Not too far from me. I wonder what is lurking there that the price is so low?


----------



## Gercarson (Nov 2, 2003)

Tango said:


> Not too far from me. I wonder what is lurking there that the price is so low?


It looks like a dream come true for me. You are right, I wonder what is in the near future for that area. It's just beautiful and I would be in heaven if I lived there.


----------



## Dixie Bee Acres (Jul 22, 2013)

Wow, that is a great price.


----------



## Tango (Aug 19, 2002)

Selmer is a nice mid-sized town in McNairy county - the county of Sheriff Buford Pusser and the Walking Tall legend. It has a huge intersection that doesn't make sense now  but may in the future. Hwy 64 goes straight west to Memphis and east to Savannah and Hwy 45 goes north to Jackson where there are lots of jobs -for this area anyway. The houses on the hwy are stately with spacious old southern style lawns. Selmer is more centralized for a mid-sized TN town than others with those highways crossing it like that. I'd love for a fellow ht'er to buy that up but it seems like 1/2 of what it should be offered at and so I wonder what could be going on there.Then again it could be the house just needs a lot of updating and the value is primarily in the land. So study up ya'll I can help move you in


----------



## sunny225 (Dec 4, 2009)

what kind of property taxes in Tennessee?
And I'm pretty sure there are no state income taxes there, right?


----------



## Tango (Aug 19, 2002)

Low property taxes and no state income taxes but there is a food tax. So if you eat you'll pay more tax than if you don't


----------



## andrew3d (Jun 23, 2002)

Here is the link to the property on the REMAX site.

http://www.remax.com/realestatehomesforsale/8251-old-stage-road-selmer-tn-38375-id206862925.htmlLINK


----------



## andrew3d (Jun 23, 2002)

There must be something wrong with this property. No way it is for sale for $37.9k if there isn't anything wrong. Whoever buys this needs to make sure the deed is good. And check with the local folks on plans, there could be a landfill being planned or something equally disturbing. It comes with a bit over 6 acres by the way. If you go to the REMAX site, link in post just above, there are quite a few photos. I'll stick in a couple of them in this message. Maybe the 37 is a typo? :shrug:


----------



## SimplerTimez (Jan 20, 2008)

It is an almost 30 year old mobile home, so that may be why the price is so low? It will depend on the care and maintenance of the mobile and what might need to be redone.

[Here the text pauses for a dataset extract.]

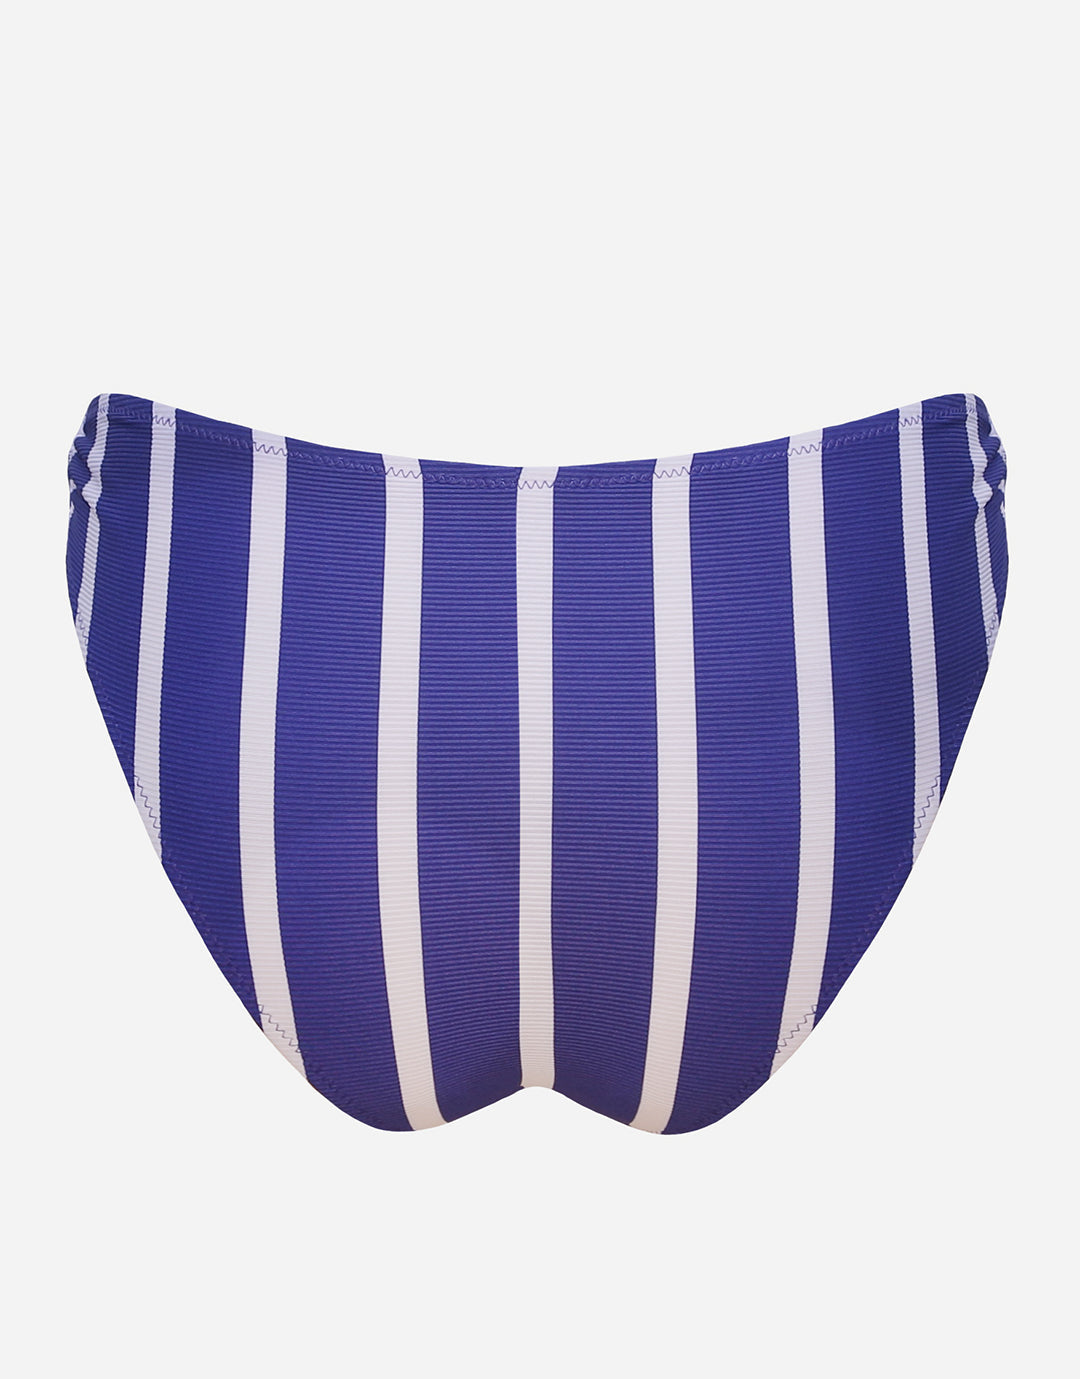 Sea Ride Loop Side Bikini Pant - White Indigo - Simply Beach UK

Beautiful property though!

~ST


----------



## Sawmill Jim (Dec 5, 2008)

I'v seen as good or better for near that price even some better. If the guy hasn't sold I know where there is a house and five acres with a big barn for $37,000 cash . Fellow wont fool with inspections or waiting . Says look and if you want it he will hand over the deed for cash only . :clap:

When we bought this house and six acres I had six days to pay or the deal was off. Talking about a fast title search but we pulled it off. Here you snooze you loose :smack


----------



## jc12551 (Feb 10, 2008)

Probably nothing wrong with it. That is about a normal price for this area.


----------



## urban gleaner (Jan 23, 2014)

It's been SOLD.


----------



## Mike CHS (Apr 3, 2011)

Those kind of sales happen a lot in rural Tennessee. We bought our house on 20 acres last year for the price of the land during a foreclosure. We have spent a good bit updating everything but when we are all done we will have less that $60K total into the 1500 sf house.


----------